Increased vessel values and order book still low
The strong performance of the spot market has also resulted in a rise in vessel values. This also applies to older quality tonnage. However, ship recycling decreased during the quarter. Prices paid at recycling yards have also fallen significantly (from USD 675 to USD 560 per LDT in India). The average recycling age for product tankers is now about 23 years. As previously reported, the current order book for product tankers is low, at an average of approximately 4.8% of the existing fleet. Most yards are also fully booked to 2025 with new gas and container vessels. So, even with an increase in new tanker orders, delivery times would be long. Net fleet growth in the coming years is therefore expected to remain low.

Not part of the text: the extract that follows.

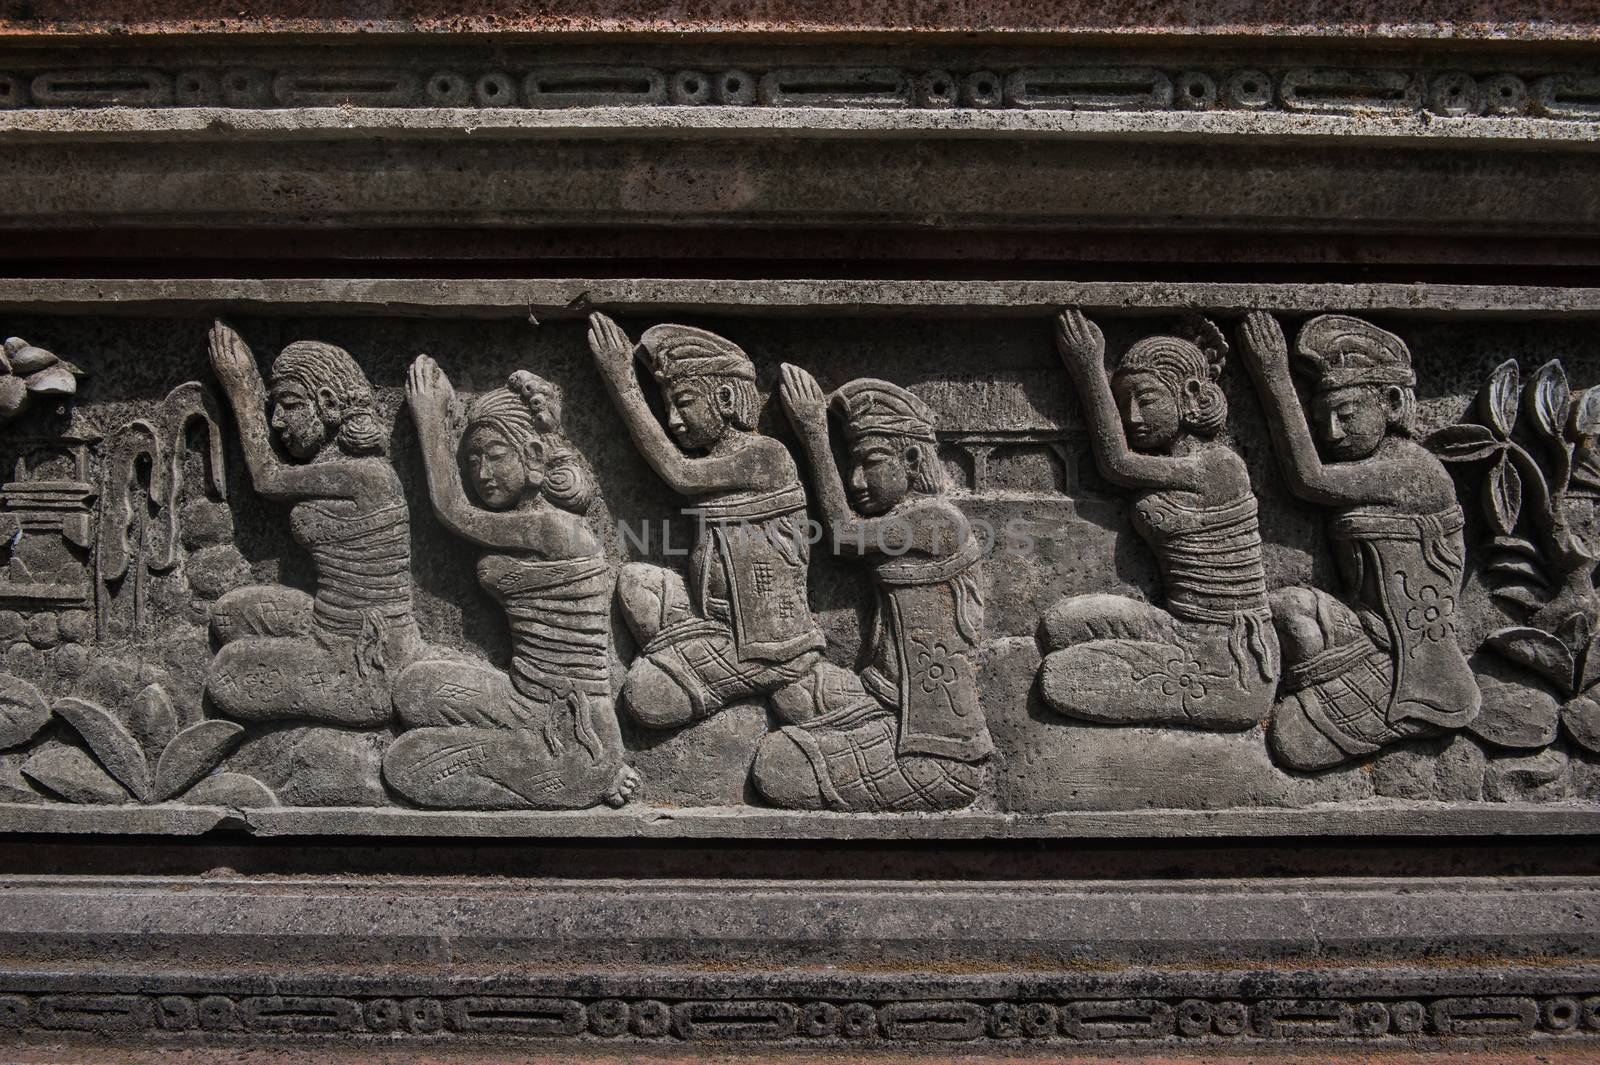 Traditional Hindu sculpturing, showing the ceremony of worshiping of Balinese prayers.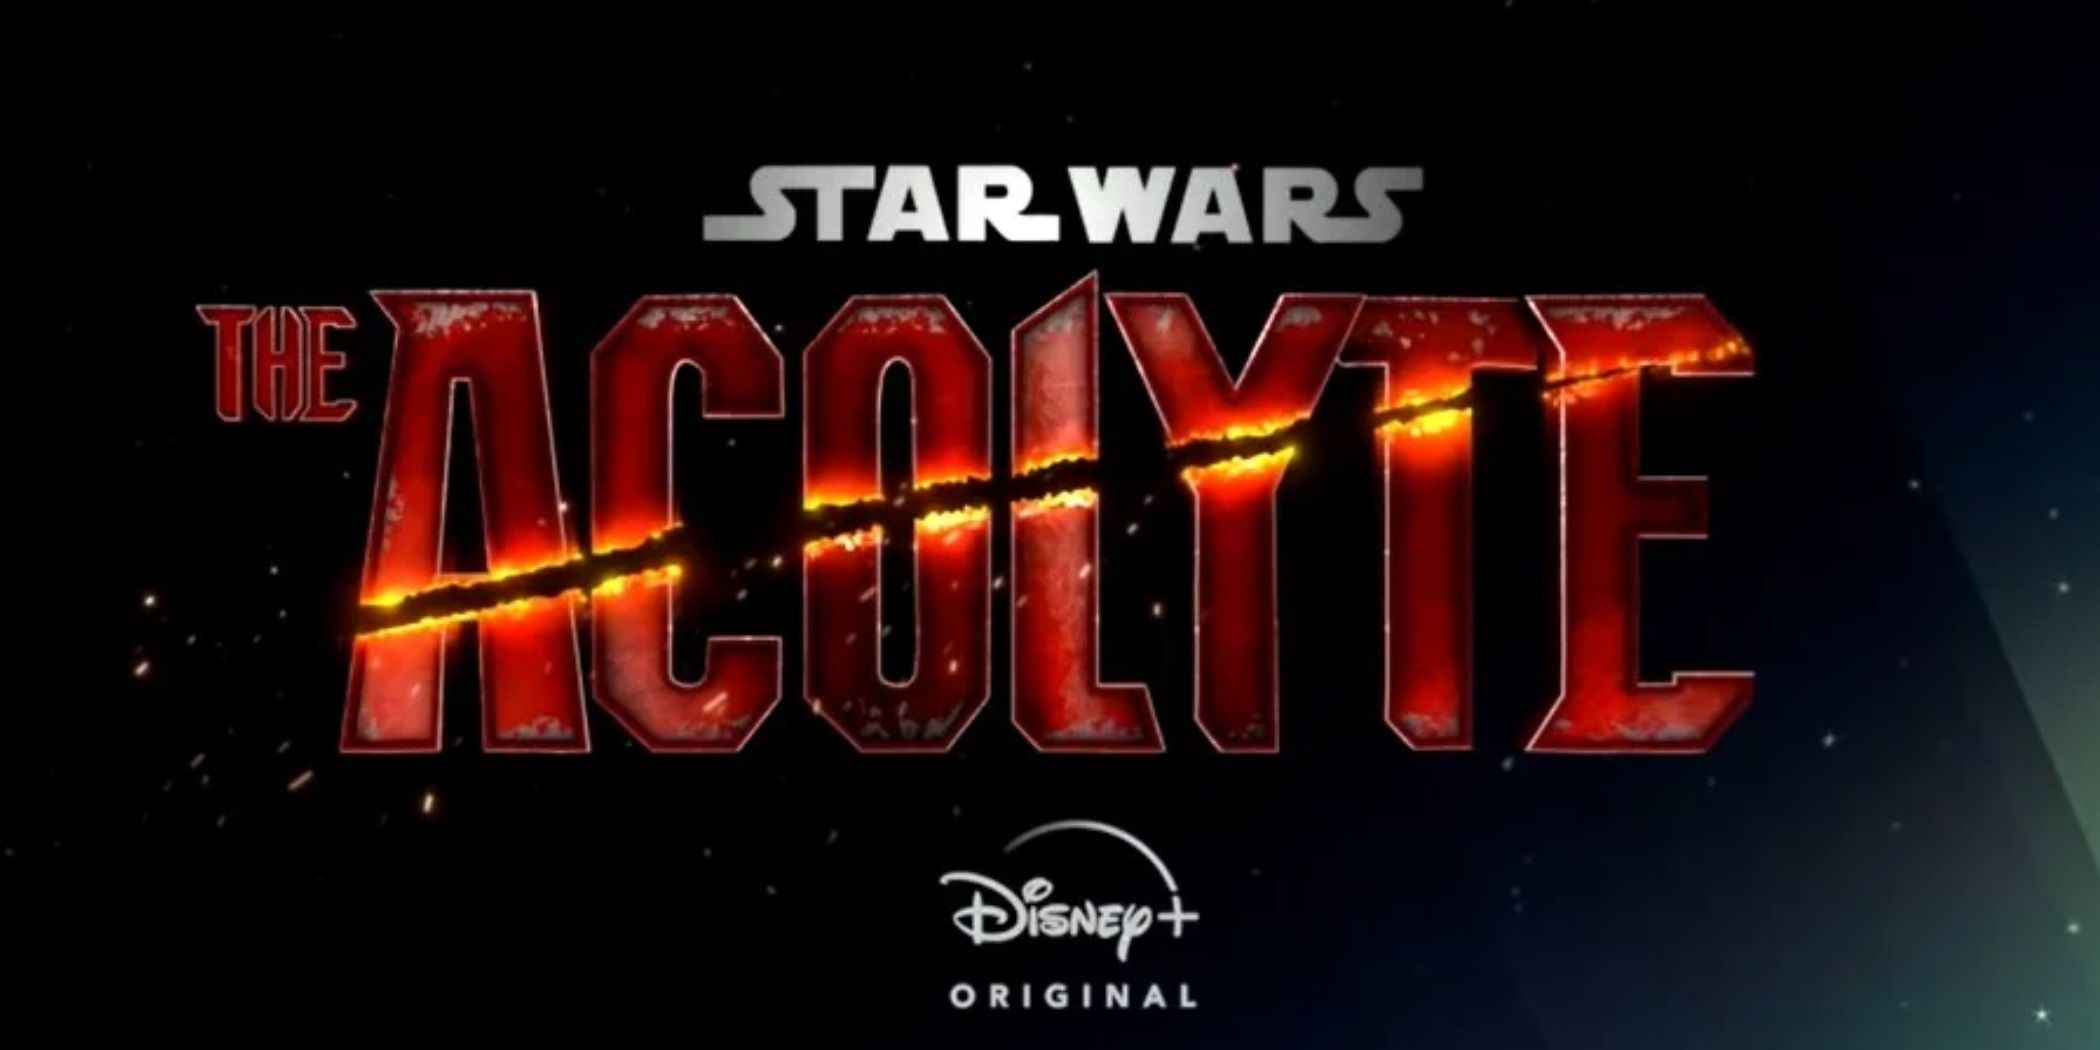 The logo for Star Wars The Acolyte

Overall, we have a positive view of tanker market fundamentals.
Market outlook
In the tanker market, there is much talk about two factors: “energy security” and “demand destruction”, which could have a major impact on future development. Increased demand for energy and the absence of Russian oil has caused energy prices to soar – with growing pressure to increase energy production from both nuclear and renewable energy sources. This may be the right way to go, but in the short term the focus will remain on achieving sufficient crude oil and gas production to ensure access to energy for businesses and households – energy security. This could obviously have a positive effect on the tanker market. At the same time, we are likely to enter an international economic downturn. The extent to which a significant slowdown in economic growth – and high energy prices – will contribute to demand destruction in terms of energy demand and energy-related transport remains to be seen. After the end of the second quarter, we entered into an agreement for the sale of Stena Paris to a Greek company. The primary aim of the sale was to take advantage of the increased ship valuations, but there was also an age factor. In a strong second-hand market for mature quality tonnage, we are therefore now taking the opportunity to sell our oldest vessel.